8
MECCA ВРЕМЕН ВОЙНЫ
Я спал очень мало.
Не только из-за увиденного и его смысла.
Здесь слишком жарко. И еще какой-то непрекращающийся шум, как от спрятанной в стене турбины. Когда я спросил человека, провожавшего меня до моей комнаты, что это за шум, он ответил только: «Какой шум?»
Видимо, это кондиционирующее устройство, обеспечивающее циркуляцию свежего воздуха под землей. Но это только предположение, я не могу быть уверен в этом. Как не могу быть уверен в том, что привинченное к стене зеркало — это действительно зеркало, а не стекло, из-за которого кто-то наблюдает за мной.
С тех пор, как я здесь, меня не покидает странное чувство. В юности я путешествовал достаточно много для того, чтобы знать, что значит жить в чужой стране. И здесь я испытываю именно такое чувство. Здешняя атмосфера — язык жестов, молчания — совсем не такая, как в Новом Ватикане. Люди двигаются как будто медленнее, словно обдумывая каждый свой шаг, каждое мельчайшее движение. Они говорят мало, и все кажутся поглощенными каким-нибудь важным делом, не позволяющим им остановиться поговорить с тобой. Но, отойдя от них, ты не можешь избавиться от ощущения, что, оказавшись вне твоего поля зрения, человек, с которым ты разговаривал секунду назад, вновь впадает в полную апатию, как робот после нажатия на выключатель.
А потом, этой ночью, лежа без сна в темноте с закрытыми глазами и пытаясь сосредоточиться на молитве, раз уж не удалось заснуть, я слышал по временам доносившиеся из-за стен странные звуки. Тревожные звуки. Долгий, монотонный крик, как причитание. Эти звуки передавал цемент, искажая и преломляя их так сильно, что они становились похожи на стоны кита под водой. Еще мне показалось, что я слышал какой-то тихий голос, голос взрослого, бормотавший неразборчивые слова, грустно, почти плача.
Шумы и голоса. Всю ночь. Еле уловимые, но все же слышные.
Теперь я думаю, что, может быть, они мне просто приснились?
Что, может быть, в какой-то момент я просто заснул?
Может быть. А может, и нет.
Потому что во сне у меня было настолько яркое видение, что оно показалось мне реальностью.
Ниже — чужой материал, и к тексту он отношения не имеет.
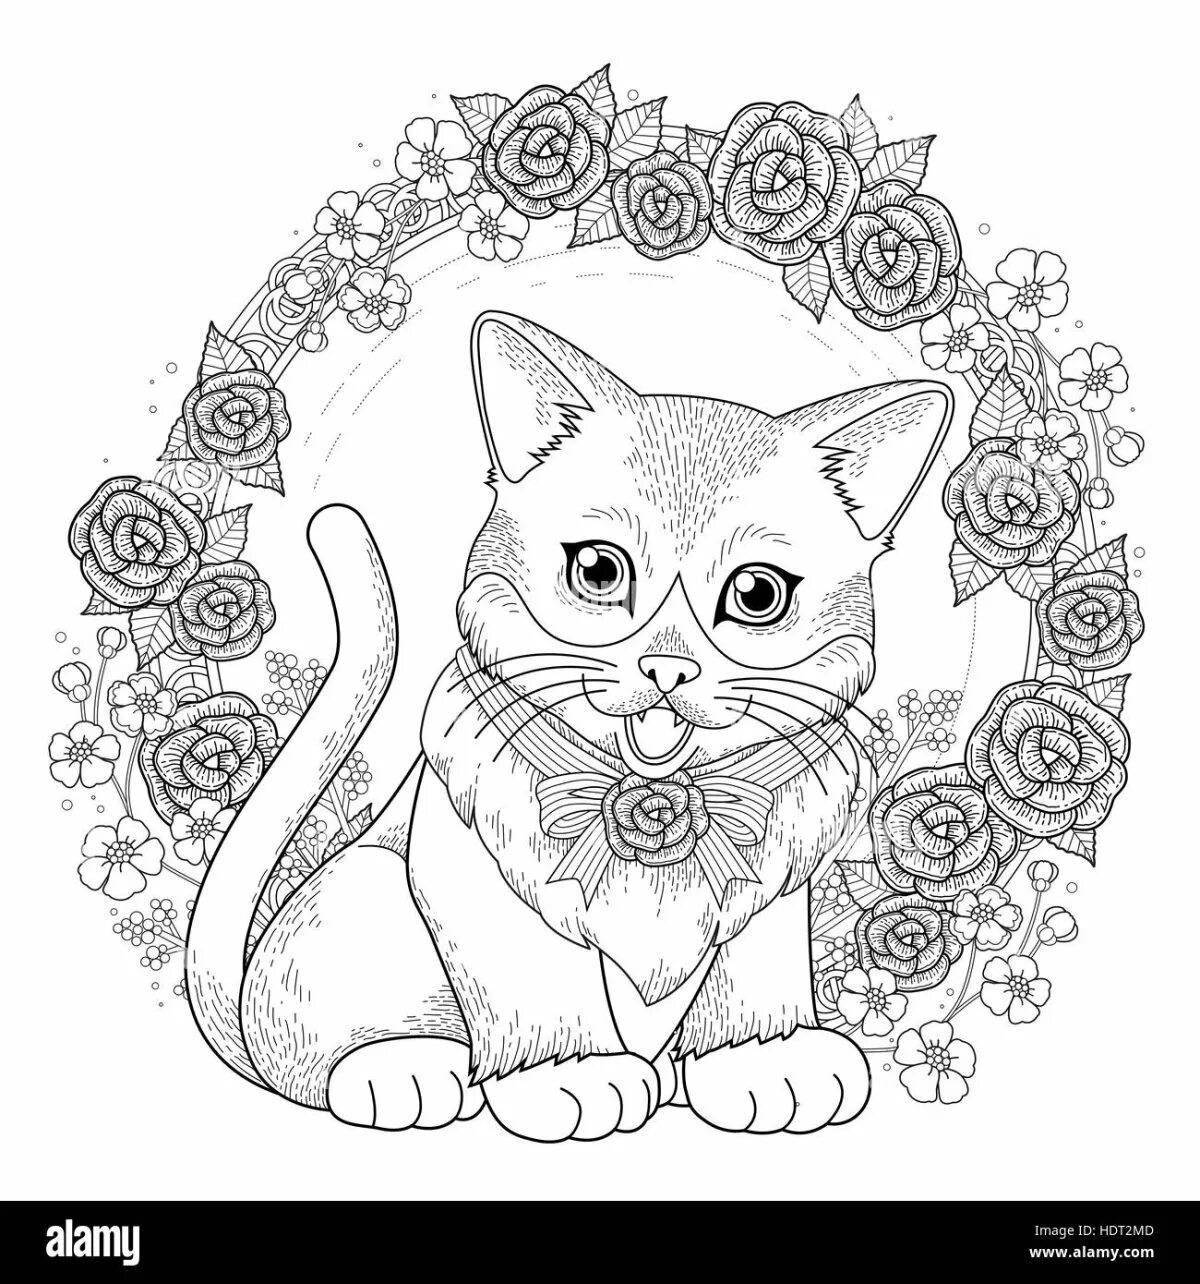 Adorable kitten coloring book

В детстве меня обворожило одно изображение. Ребенок из семьи методистов, я был поражен рисунком на книге моего одноклассника-католика. На рисунке была изображена одетая в голубое женщина, блондинка со светлыми глазами и с ребенком на руках. Глаза прекрасной девушки смотрели прямо вперед, как будто видя насквозь, а ребенок, младенец, сидел у нее на руках в невероятной позе, вертикально, как взрослый. Его глаза были такого же цвета, как у матери, но ничто не могло сравниться с нежностью и мудростью взгляда этой женщины.
«Мадонна, — прошептал мой друг. — Матерь Божья».
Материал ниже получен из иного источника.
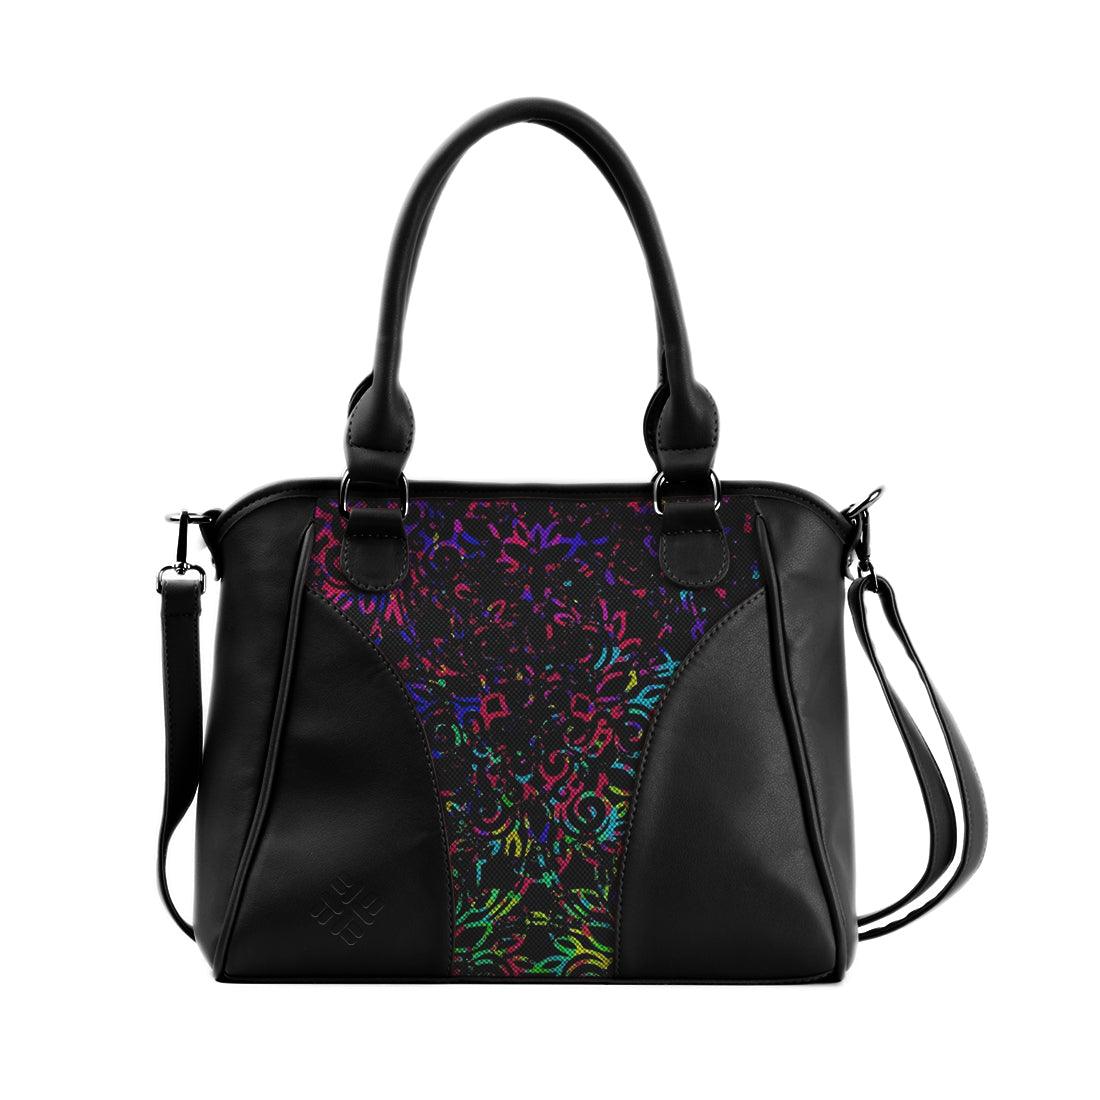 Black Ladies Handbag Neon

Во сне я тоже слышу голос.
Во сне я тоже устал, как будто шел миллион дней миллион миль. Нежный женский голос шепчет мне на ухо, чтобы я открыл глаза. И вот передо мной она, одетая в голубое. И хотя ее волосы спрятаны под капюшоном и мне видна только часть ее лица, я убежден, что это и есть женщина из той книги, Богоматерь.
Ее смех звучит как трель кларнета, как течение ручейка:
— Нет, я не Мадонна. Зови меня…
Она произносит имя, но мне не удается его понять. Это огорчает меня.
— Мы скоро встретимся.
Она поднимает руку. Делает движение, и при этом движении перед моими глазами открывается заколдованный пейзаж: окутанное солнечным светом спокойное море, и по ясной поверхности воды движется корабль с белыми парусами.
Во сне я не могу произнести ни слова.
Женщина поворачивается ко мне спиной. Она медленно идет в сторону моря.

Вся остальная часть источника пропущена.